Over the years, Abilenians have seen some great local businesses come and go. Many who have lived in the Key City for a long time can point out the old buildings and locations, and quickly identify what business used to operate from those spots. Here is our list of places that have closed down, but will always have a fond (some more fond than others) place in our hearts.

  • Big 5 Sporting Goods

    The sporting goods store located on South Danville between 14th and 27th Streets closed in May 2012 to the surprise of loyal customers. Before moving, one of the chain's managers mentioned the possibility of moving back to Abilene in the future, but in a different location. He mentioned that being located on a one-way street was a challenge that the store could not overcome, and that a return to the Key City would require a location that had easier accessibility.

    Rudy Fernandez
  • Thompson's Kountry Fried Chicken

    That giant "Thompson's Kountry Fried Chicken" bucket hung in the sky in front of the North 1st Street store for nearly 2 decades, but the chicken and barbecue joint closed suddenly in April 2012. Some miss the fried chicken, others the barbecue sandwiches. I miss both, and all the great sides like fried okra, mashed potatoes and their great wedge-cut fries. My mouth is watering just thinking about it.


    Photo By Dave Wheaton
  • Mack Eplen’s Drivateria

    Mack's goes back a ways. Square burgers were a highlight of the menu, as well as the delicious deserts. But Abilenians on the other side of 55 no doubt remember the Drivateria at North 1st and Shelton as the cruising spot. Arrow Ford has occupied the building as its "Loan Arranger" location for several years, but kudos to them for maintaining the classic feel, and the integrity of the Mack Elpen's legacy. The inside of the building still takes on the feel of a classic diner, with lots of memorabilia to jar your memory of the days of old.

    Photo By Dave Wheaton
  • TG&Y

    Before dollar stores, there were five and dimes like TG&Y. Abilene had two of these Oklahoma-based chains.
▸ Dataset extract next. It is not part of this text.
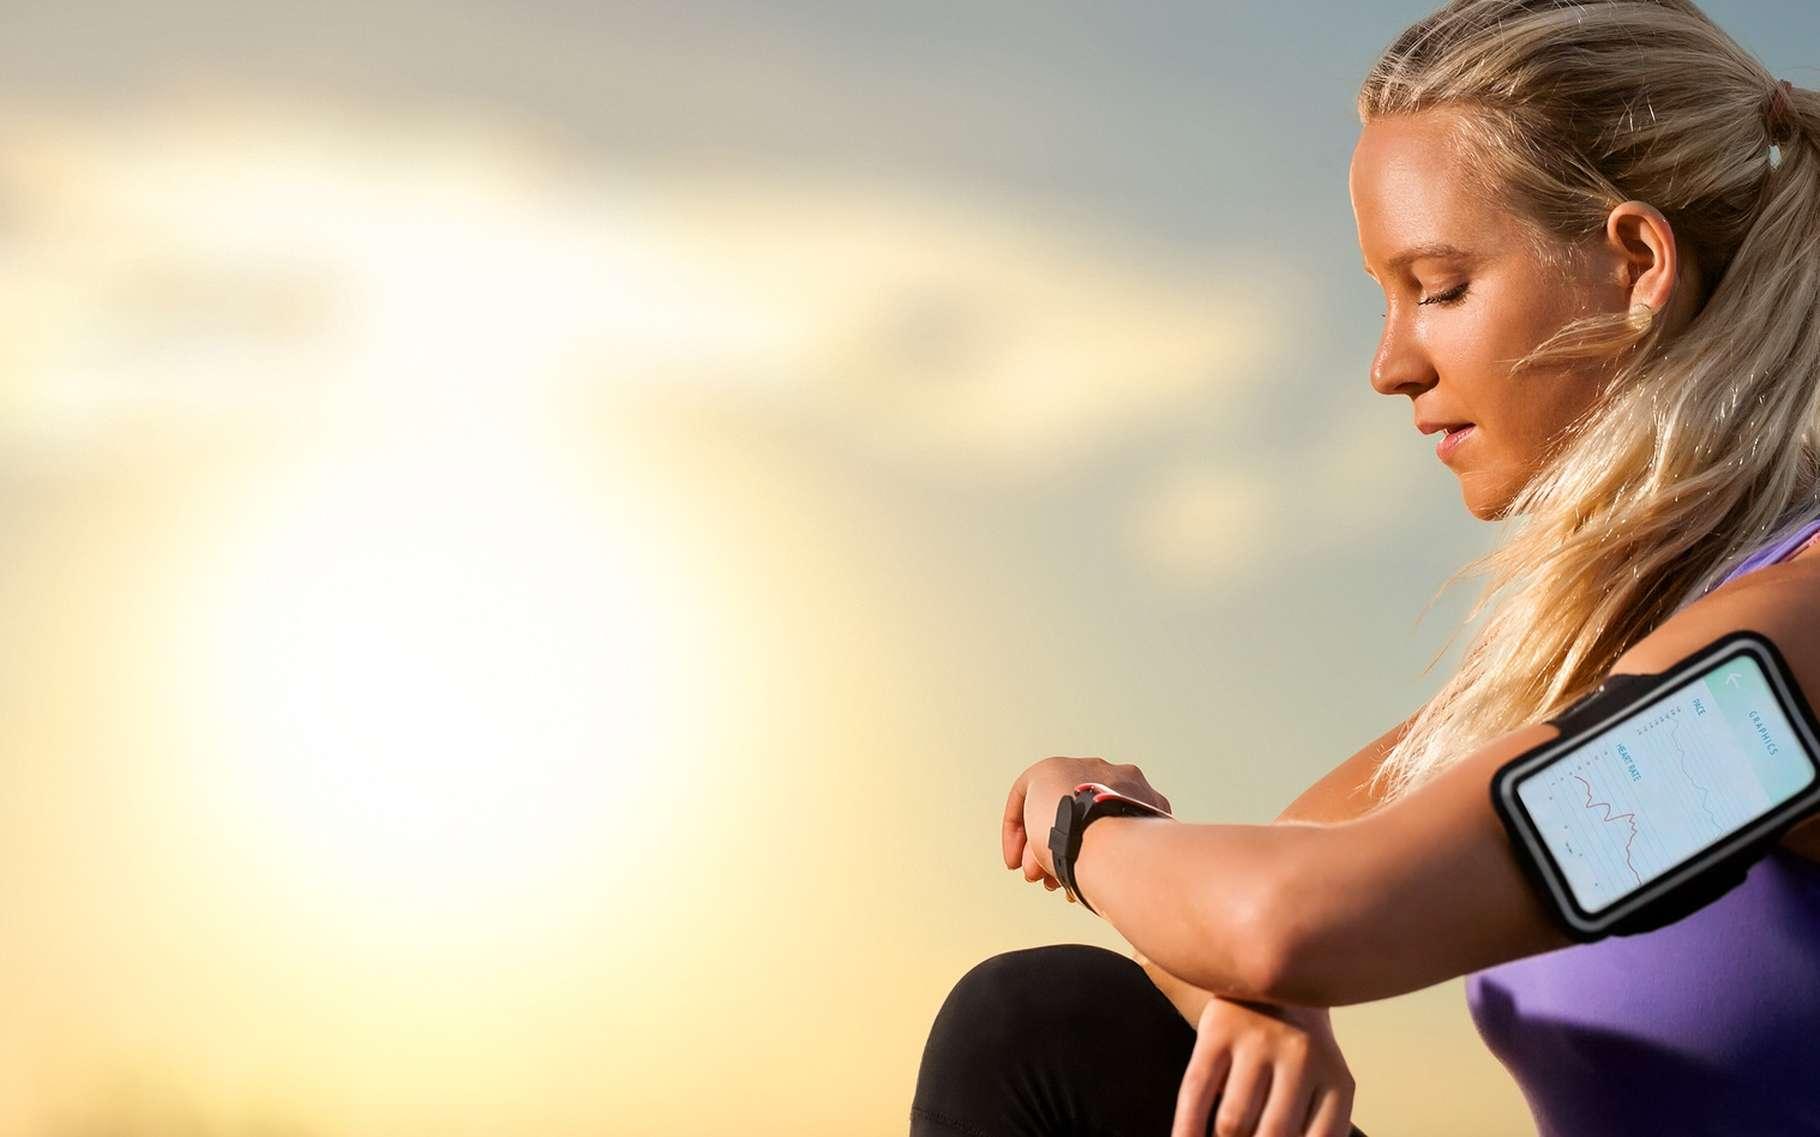 Les bracelets connectés permettent aux sportifs comme aux non-sportifs de suivre leur dépense énergétique. Un marché très florissant. © karelnoppe, Shutterstock
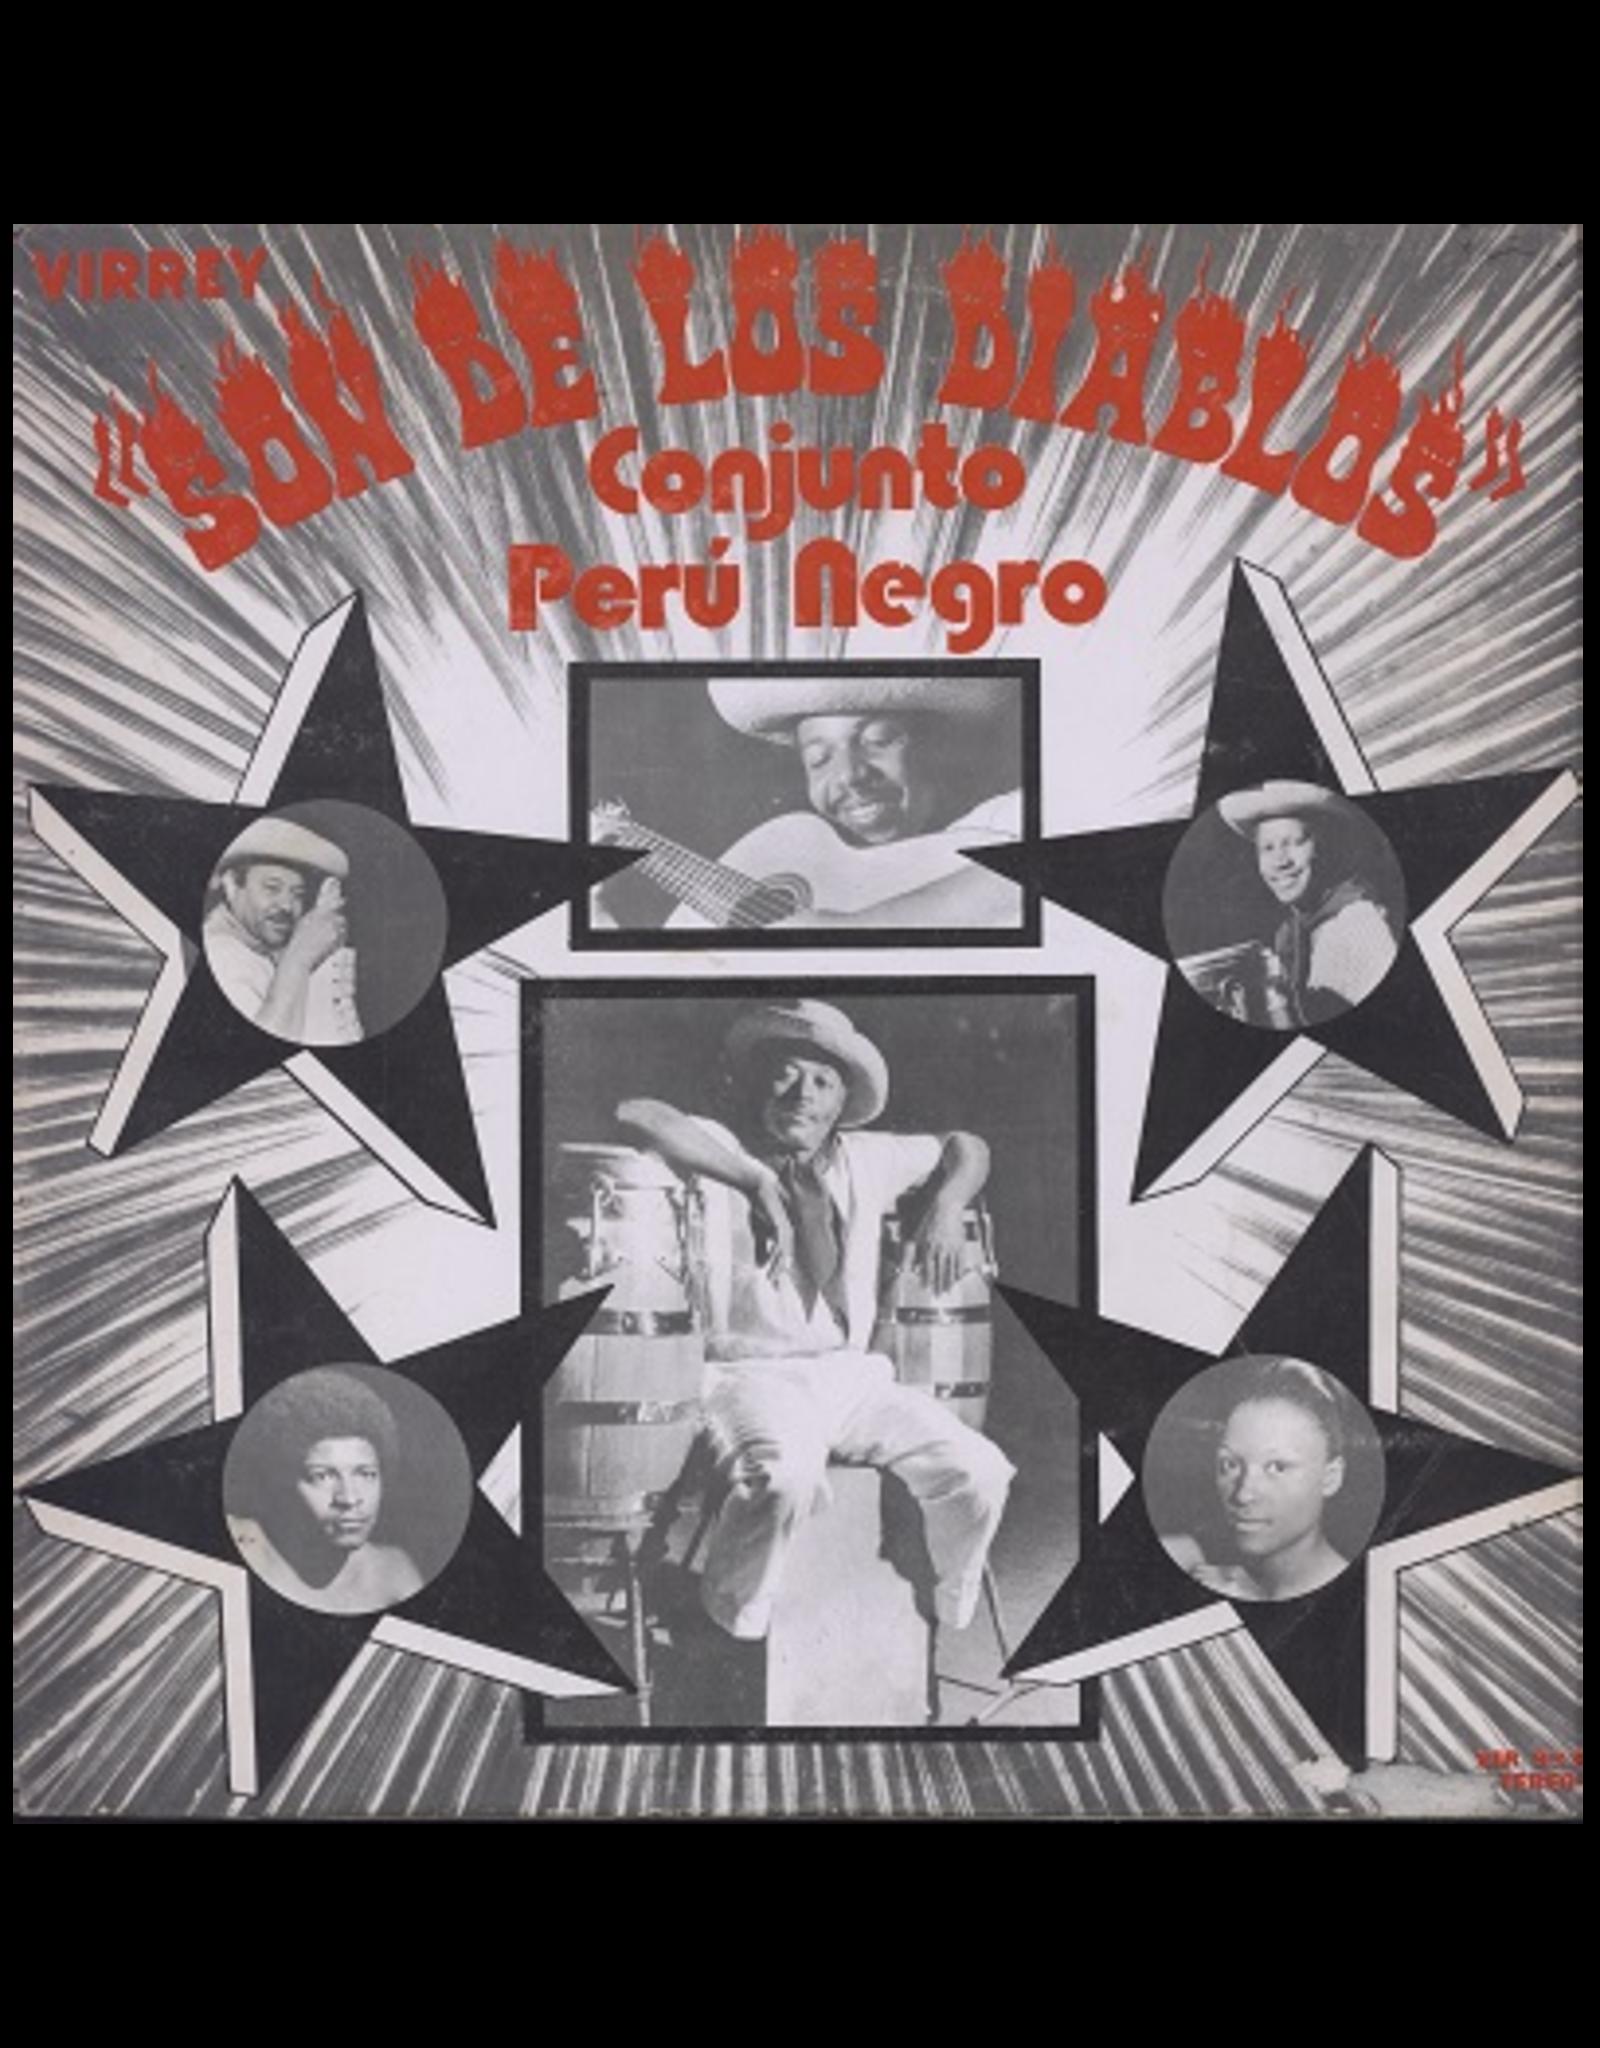 New Vinyl Conjunto Peru Negro - Son De Los Diablos LP

One was at the Westgate Mall (also gone), and one on South 14th. These places were kid magnets, because they were always stocked with the coolest toys. Moms loved these stores because they had pretty much everything else you could imagine needing in a pinch. TG&Y's have been out of business since 2001, but the fond memories live on.

  • The Upstairs Club

    Exclusively a rock club in the 1970's, this was a unique establishment in Abilene. Getting in required a membership and ID, and getting out required careful navigation of the steep, narrow stairs (that were somehow steeper and narrower than when you entered The Upstairs Club). Overall, the club was uncomfortable with it's low ceilings and , but if you were a fan of loud rock music, it was by far the best place in town.

    Photo By Randy Jones
  • Harold’s Bar-B-Q

    This was Abilene's best kept, and proudest secret. Most anyone would tell you that the small restaurant on the corner of North 13th and Walnut was simply something you'd have to experience to fully appreciate. Some BBQ joints pride themselves on their sauce. Some offer only the best quality brisket, ribs, sausage or chicken. Others will brag that they have the best cornbread. But Harold's had all of that. And with the owner himself always there to joke around with the regulars or even belt out a tune for all to hear, the atmosphere was perfect. No wonder there was always a line out the door.

    Photo By Dave Wheaton
  • Gardski's Loft

    Until recently, the vacant space between Pam's Pets and Creative Cakes on North 1st Street still had remnants of a restaurant, once among the best, hippest eating establishments in Abilene. During its heyday, Gardski's sported a green store front. Faded red "Steakhouse and Bar" letters still showed over the white painted wood storefront. It has since been cleaned up and there is little evidence of the restaurant that featured a bar in the front, great dining in the back and almost certainly a wait if you wanted to eat there. Gardski's featured a great combination of hip atmosphere (skylight/atrium in the middle of the room) and "must have" menu items that made your wait worth it.

    Photo By Dave Wheaton
  • Tony's Pizza Cave / Crystal's Pizza

    Originally Tony's Pizza Cave (featuring an actual 'cave' front entrance), this restaurant on South 1st Street later turned into Crystal's Pizza.

    Crystal's Pizza boasted great food, but was equally well known for its atmosphere. Some say it was like stepping into a time machine, and walking into an old-time amusement arcade.

    Photo By Dave Wheaton
  • Don Enrique's

    It was Zentner's, and then Zentner's Daugher Steakhouse for nearly 60 years when the Hogenda's bought the building on Sayles and S. Danville and began specializing in Mexican food 2007. The restaurant had been  closed for an extended period on one other occasion since then, and appears to have shut down for good now. I liked the fact that it was a family restaurant, but still had a bar in the back (and $1 margaritas) that never got in the way of taking the kids out to eat.